Precipitating factors for MHE include those that burden liver processing such as gastrointestinal bleeding, alcohol use, infection, portal vein thrombosis, dehydration, and renal failure.9 These triggers putatively add inflammation and toxins or decrease clearance of toxins that can impact the central nervous system (CNS). The pattern of neuropsychological deficits seen with MHE overlaps with that described among patients living with chronic HIV infection with both conditions characterized by fluctuation and including impaired executive function.10,11 Together, this information provides a rationale for evaluating the independent contributions of liver fibrosis in the setting of HIV. The Women’s Interagency HIV Study (WIHS) offers a unique opportunity to test this hypothesis in a population with substantial hepatitis C virus (HCV) co-infection.

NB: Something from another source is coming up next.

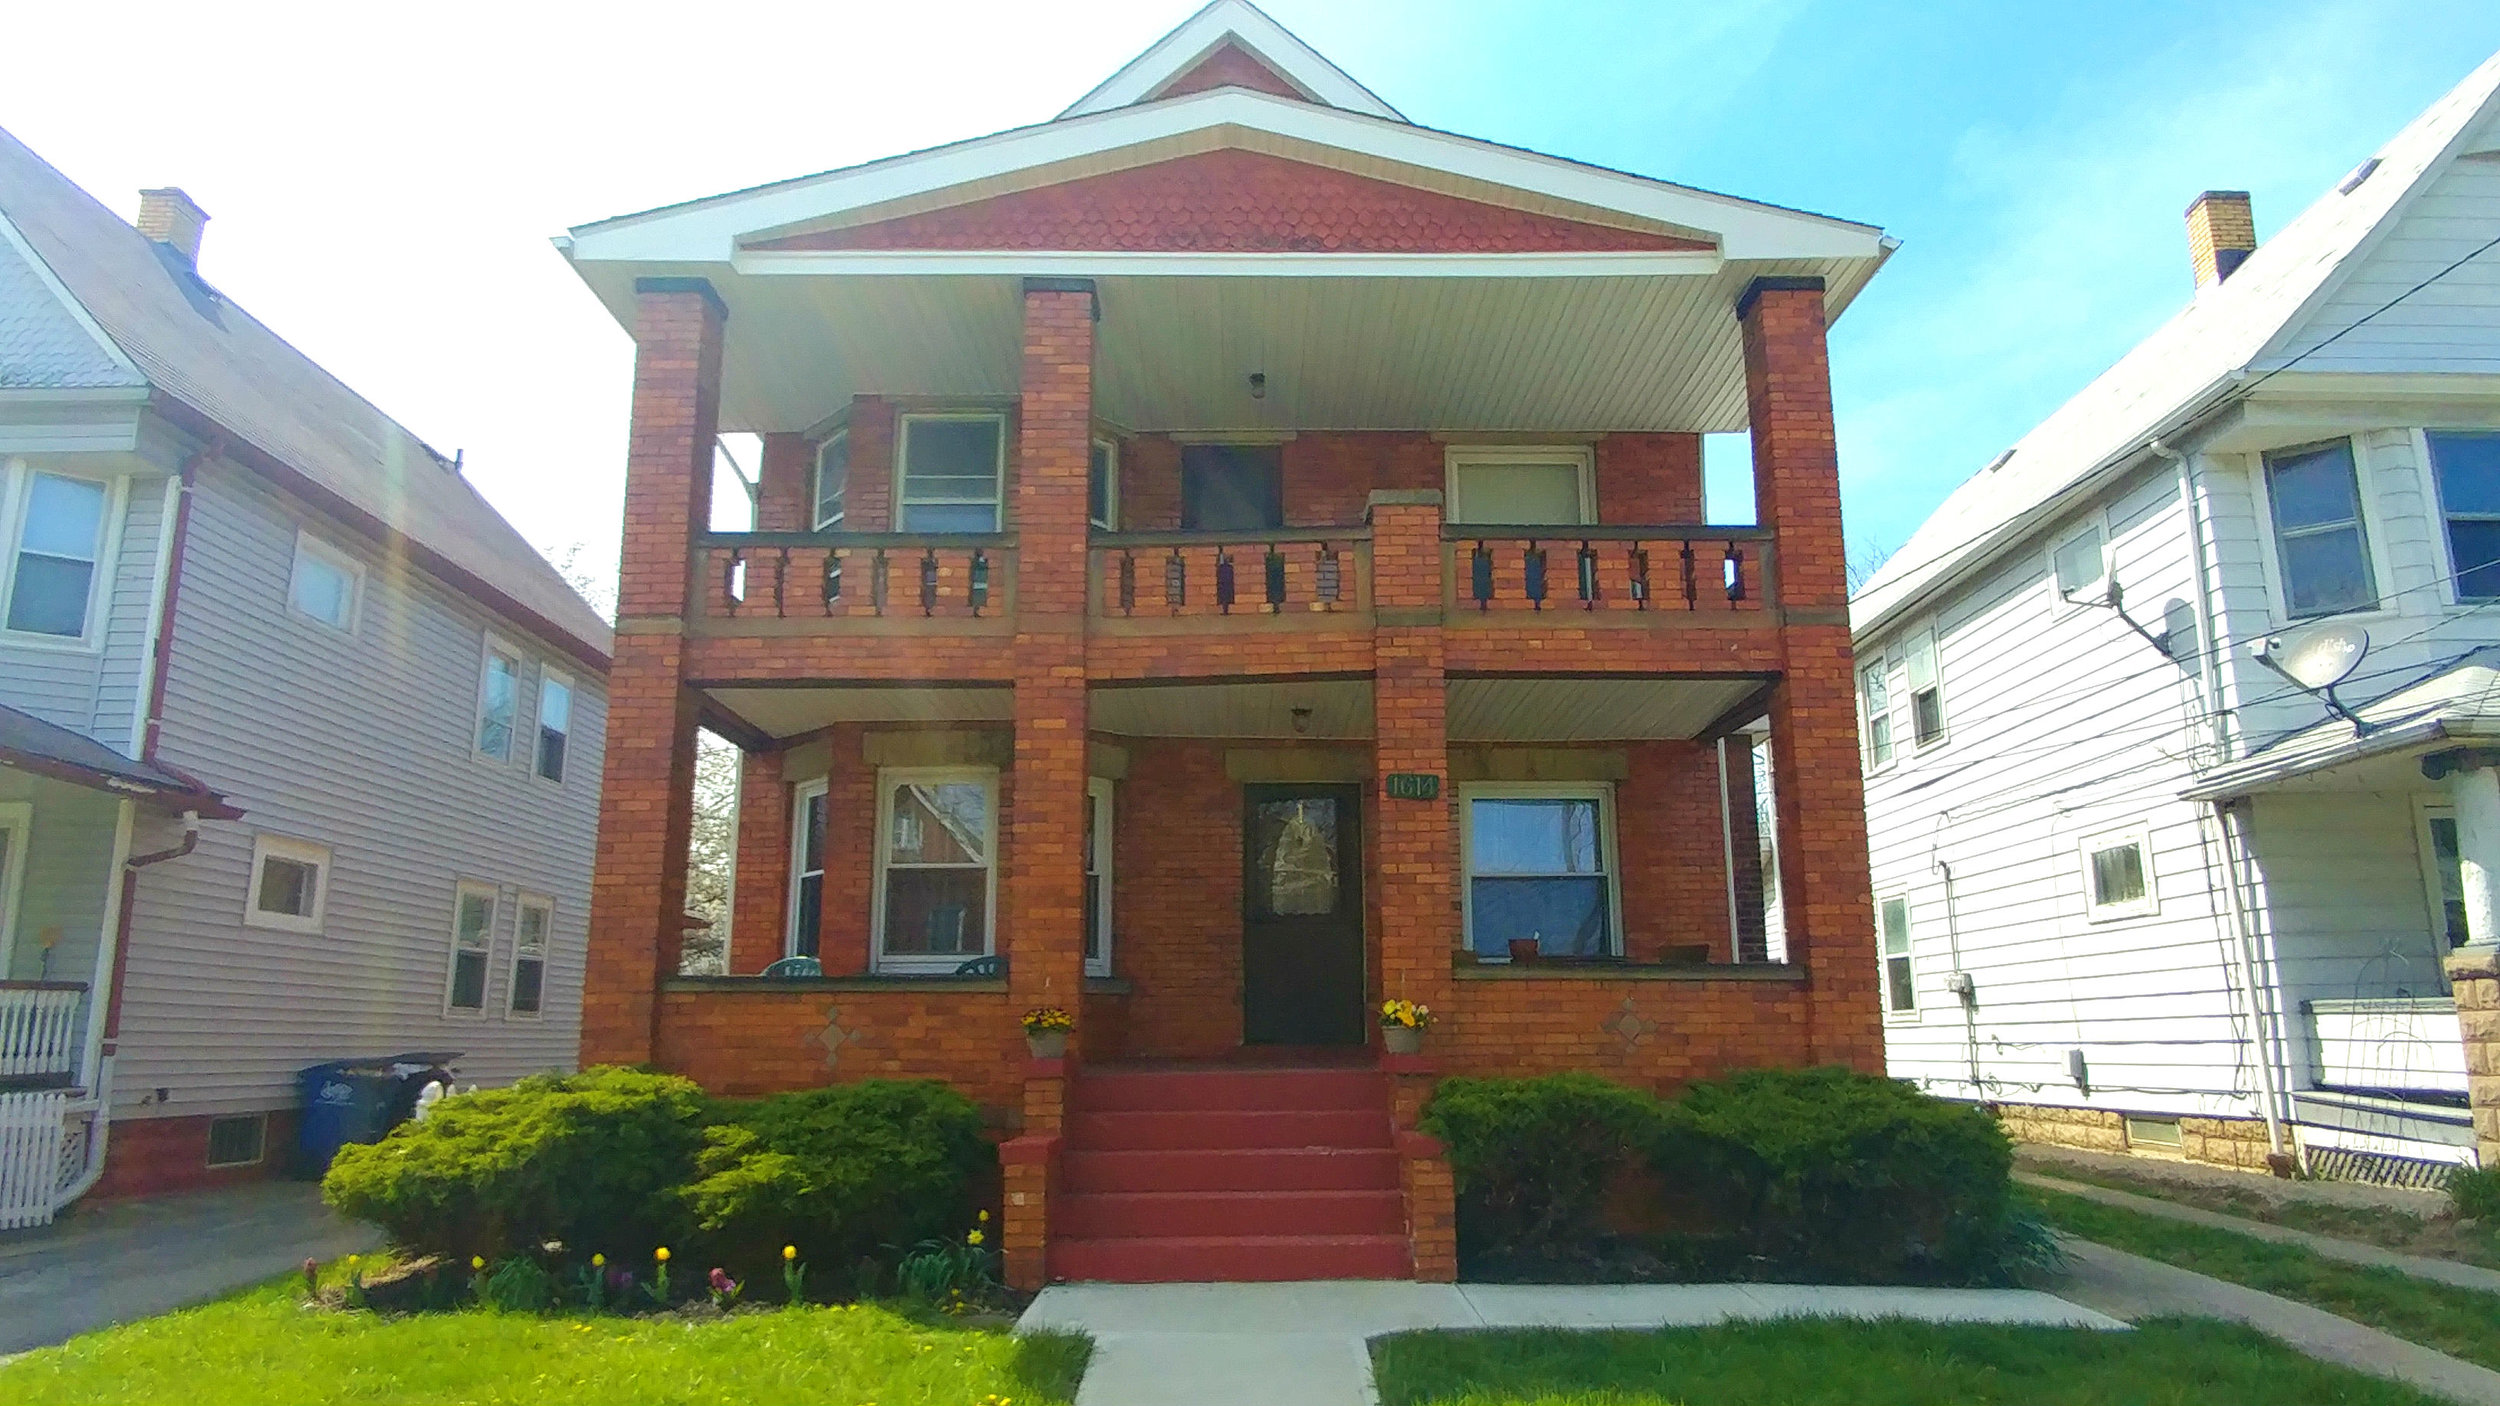 1614 Ridgewood Ave., Lakewood | 4 bed 2 bath | 2,056 Sq. Ft. | $110,00

We hypothesized that both the inflammation associated with chronic HIV infection and the HIV-associated loss of intestinal gut protective barriers resulting in gut microbial translocation could add risk for MHE in patients with chronic HIV infection.12 If so, liver fibrosis, even in the absence of cirrhosis, would correlate with neuropsychological test performance, independent of HIV or HCV. Such a finding would add further support to shifting paradigms related to cognition in HIV where greater etiologic heterogeneity is emerging.13 These analyses are timely since neuropsychological testing impairment remains prevalent despite access to effective combination antiretroviral therapy (cART).

METHODS

Participant selection

The WIHS is a multicenter longitudinal observational cohort of HIV-infected and uninfected women enrolled from one of six U.S. sites: New York (Bronx and Brooklyn), California (Los Angeles and San Francisco), Washington DC, and Chicago.14 At the time of enrollment into WIHS, participants were free of known dementia and able to attend an outpatient study visit. All signed Institutional Review Board-approved consent forms.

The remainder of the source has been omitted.